How exactly does this method work? It’s actually just four steps.
**Step 1: The criteria for screening coins are very simple**
Look only at the daily chart, wait for the MACD to generate a golden cross. What is the most reliable signal? When the golden cross occurs above the zero line. Coins like CHZ, GIGGLE, and others can be screened out using this standard. Choosing the right starting point makes subsequent operations meaningful.
**Step 2: One daily moving average is enough**
No need for multiple moving averages intertwined. Just stick to one daily moving average—hold the coin as long as the price stays above it, and sell immediately if it breaks below. Sounds simple? You’ll realize how difficult it is when you actually execute. Especially during rebounds in a downtrend, it’s easy to be confused. But discipline is discipline—there are no exceptions.

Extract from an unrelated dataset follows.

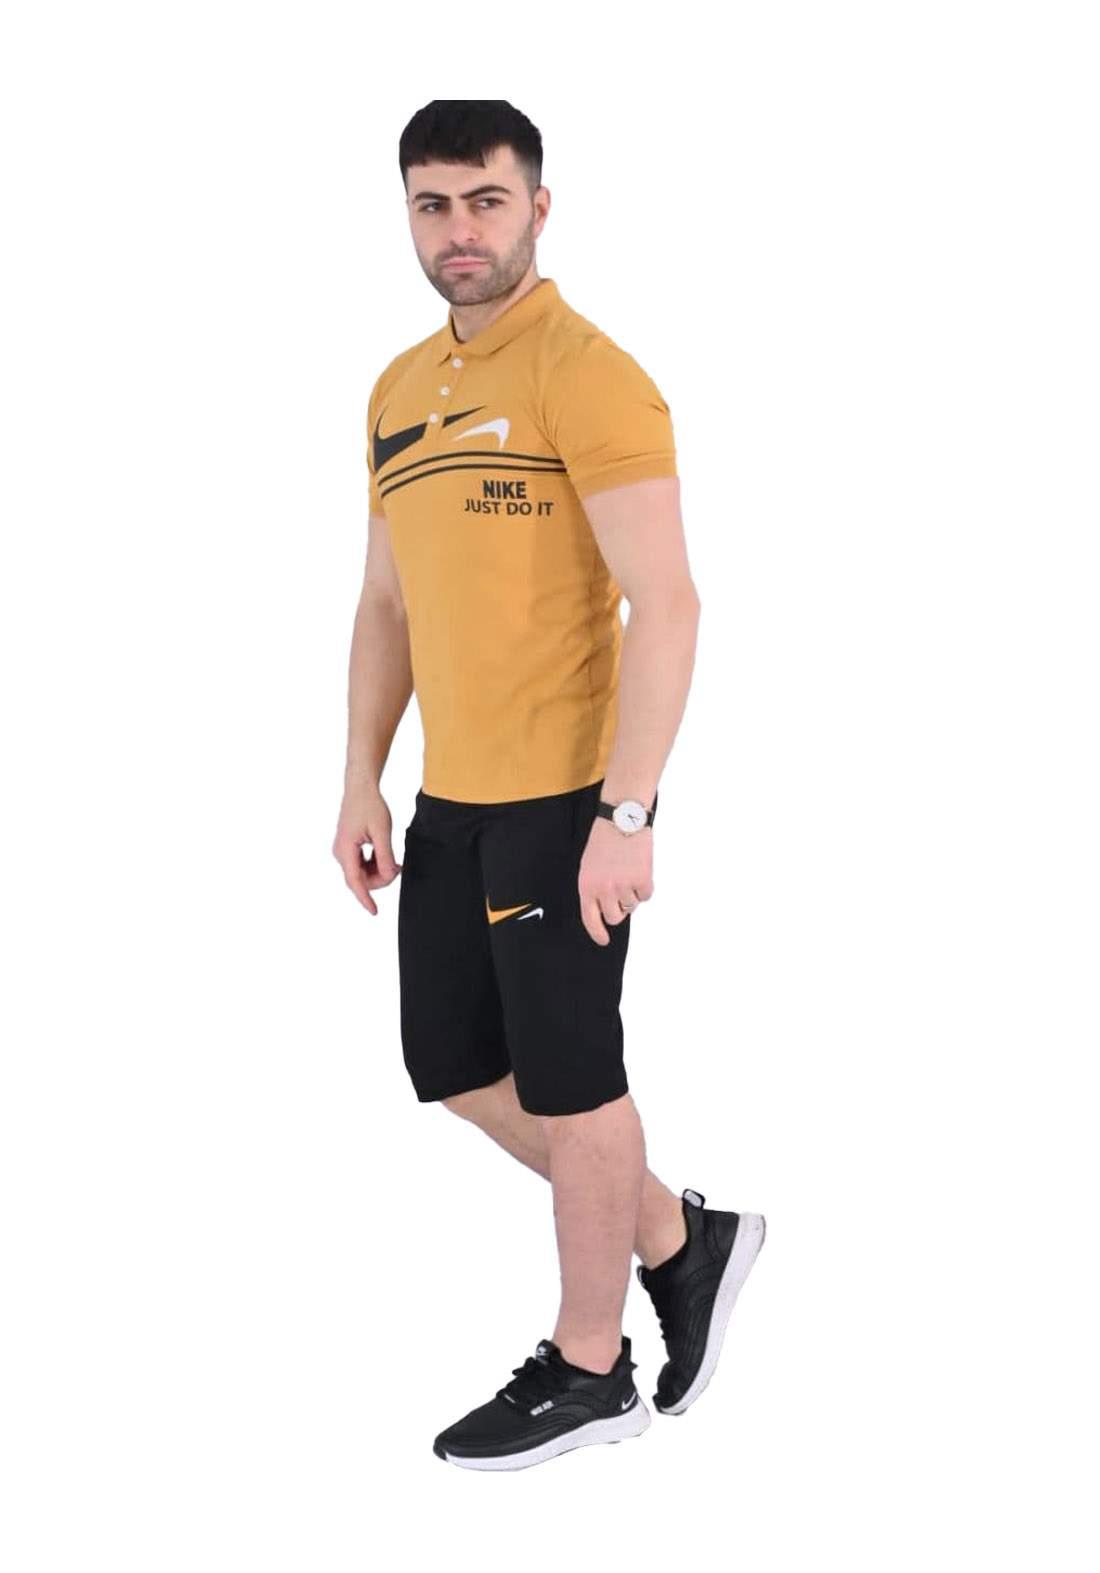 Nike Sportswear تراكسوت رجالي اصفر  اللون

**Step 3: Entry and exit require discipline**
Buy trigger condition: When the price breaks above the daily moving average, trading volume must also increase simultaneously. Both conditions must be met for a true entry signal. At this point, you can go all-in.
As for selling? It’s divided into three stages: when the gain exceeds 40%, sell 1/3 of the position; when it reaches 80%, sell another 1/3; and the remaining 1/3? As long as the price falls below the daily moving average, regardless of how high it has risen, close all positions. No dragging, no waiting—just exit immediately.
**Step 4: The most testing part of your mindset**
If the next day the price unexpectedly falls below the daily moving average, then no matter what the reason—good news, technical rebound, bottom reversal—it’s useless. You must immediately close the position. This step is the anchor of the entire framework.
Some people think this is too absolute? But the problem is, if you start looking for exceptions, your discipline begins to loosen. In the long run, those who stick to discipline and those relying on luck will have very different accounts.
After selling, wait for the price to rise back above the daily moving average before re-entering. The profit remains the same, just in a different cycle.
**Why is this method stable?**
Because it is entirely based on objective technical signals, not relying on news judgment, nor requiring you to predict market turning points. MACD golden cross reflects momentum change, and the daily moving average reflects the price center. Combining the two means: only participate when momentum is upward and the price is above the moving average.
Risk control is also very clear—once the breakout fails (falls below the daily moving average), stop loss immediately. No opportunity for losses to expand. The result of this approach is that, although you may not catch every bottom or top of each trend, you can secure stable profits during each wave.
This framework works for everything from BTC to various altcoins. The key is whether you dare to truly execute it. Most people understand these principles, but when it comes to execution, they start to be flexible and find reasons. The final result is that, in the same market conditions, others make money while you don’t or even lose.